C'est joliment écrit, souvent imagé et globalement agréable à lire. Malgré le thème et une nostalgie parfois sous-jacente, le roman n'est pas parcouru du début à la fin par la tristesse ou le pathos, c'est tendre et sensible. Je pense notamment à la relation qui unit Anna à son grand-père, aux doutes qui assaillent Elsa à la veille de sa mort, lorsqu'elle se demande si elle a été une bonne mère, ou encore à la réaction d'Ella, médecin, qui doit affronter la disparition prochaine de sa mère.
Mais c'est aussi, parfois, un peu brouillon et le fil s'avère alors difficile à démêler. Ainsi, lorsque l'auteur parle de "la mère", en présence des trois générations, on peut penser qu'il s'agit d'Ella, pour ensuite découvrir que ce terme désignait en fait Elsa. A un autre moment, dans un chapitre se déroulant dans le passé, l'auteur emploie le prénom d'un personnage du présent; simple erreur, certes, mais qui perturbe la lecture pendant plusieurs pages, le temps de comprendre qu'il ne s'agit pas d'un effet de style mettant en parallèle passé et présent, mais d'une erreur de relecture.
A propos de ces flash-back, d'ailleurs, je suis assez dubitative : je n'ai pas compris d'où ils venaient. La narration est alors en "je", ce qui est rigoureusement impossible.

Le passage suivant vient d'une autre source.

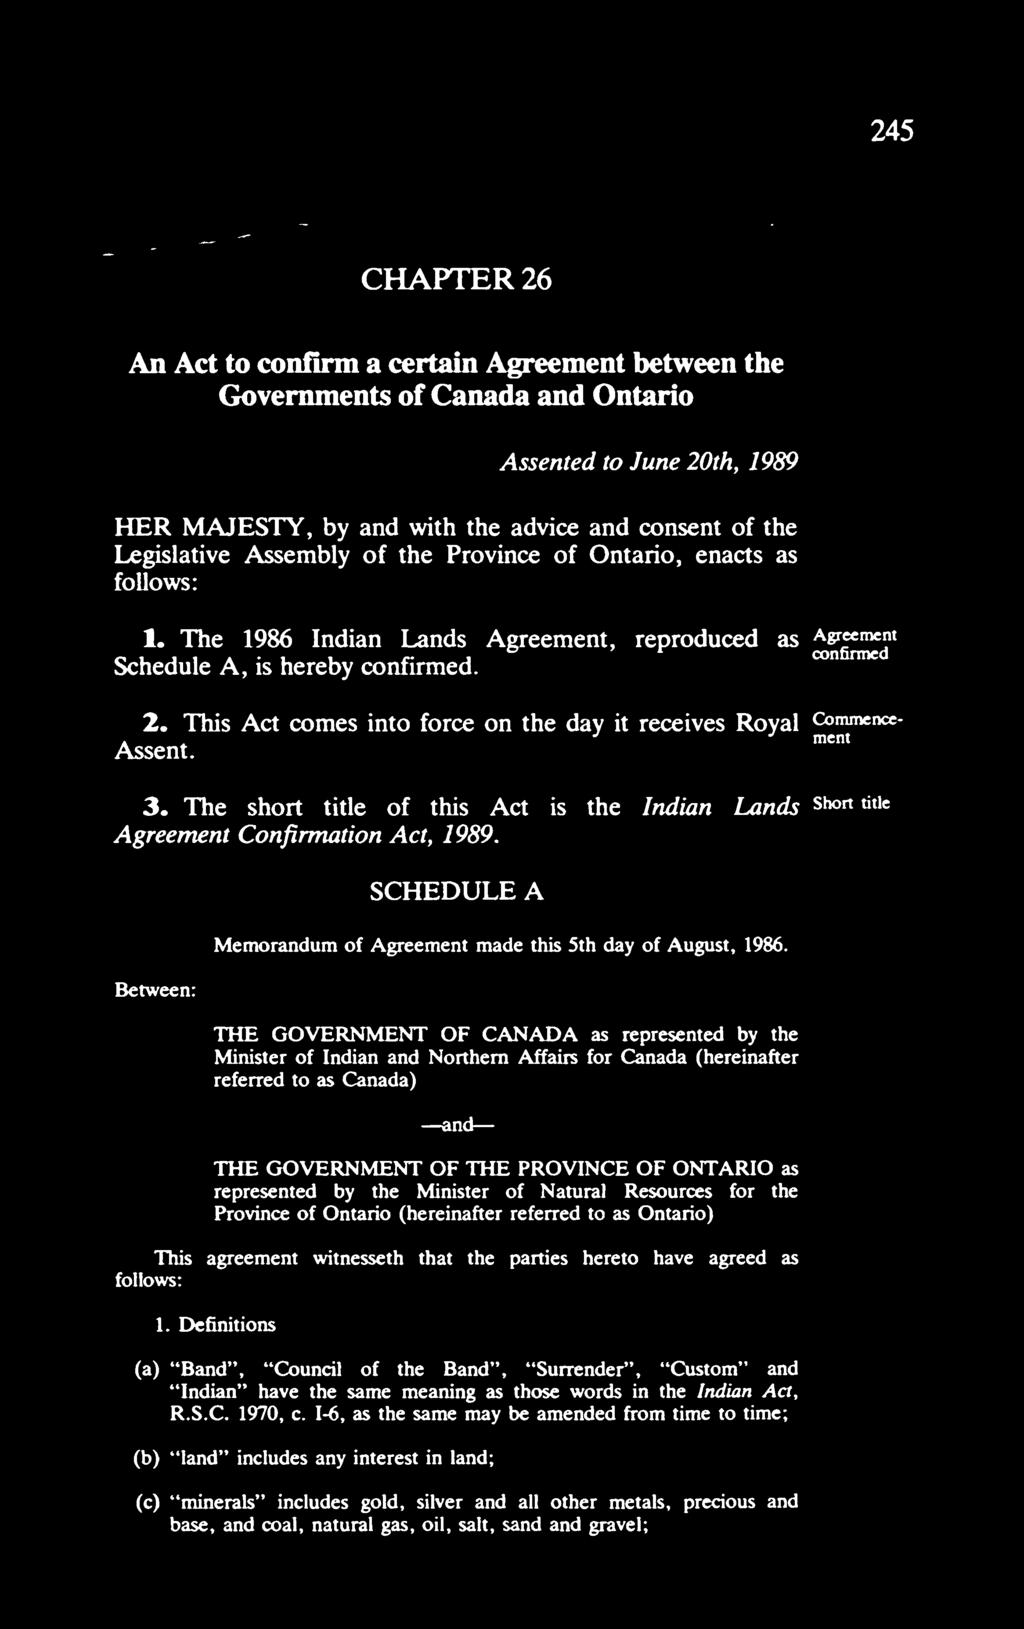 2* This Act comes into force on the day it receives Royal Commencc- ' -^. ^ mcnt Assent. 3. The short title of this Act is the Indian Lands Agreement Confirmation Act, 1989.

On m'objectera peut-être que c'est un effet de style, ou une mauvaise traduction, ou que c'est pour faire joli, mais rien de tout ça ne suffira à faire passer cette impression d'artificialité, de manque de cohérence que ces chapitres m'ont laissée. D'un point de vue narratif, le procédé ne m'a pas convaincue. En outre, tout ce qui se passe après la fin de la liaison est passé sous silence. On ne sait rien de la reconstruction du couple, de la réaction ou des sentiments d'Ella, de la façon dont cela a pu influencer son caractère ou ses relations avec ses parents. Je suis clairement restée sur ma faim.
En bref, une très jolie écriture, mais une impression de lenteur, de longueur et un manque de précision qui m'ont fait rater le rendez-vous avec ce roman pourtant souvent apprécié, semble-t-il.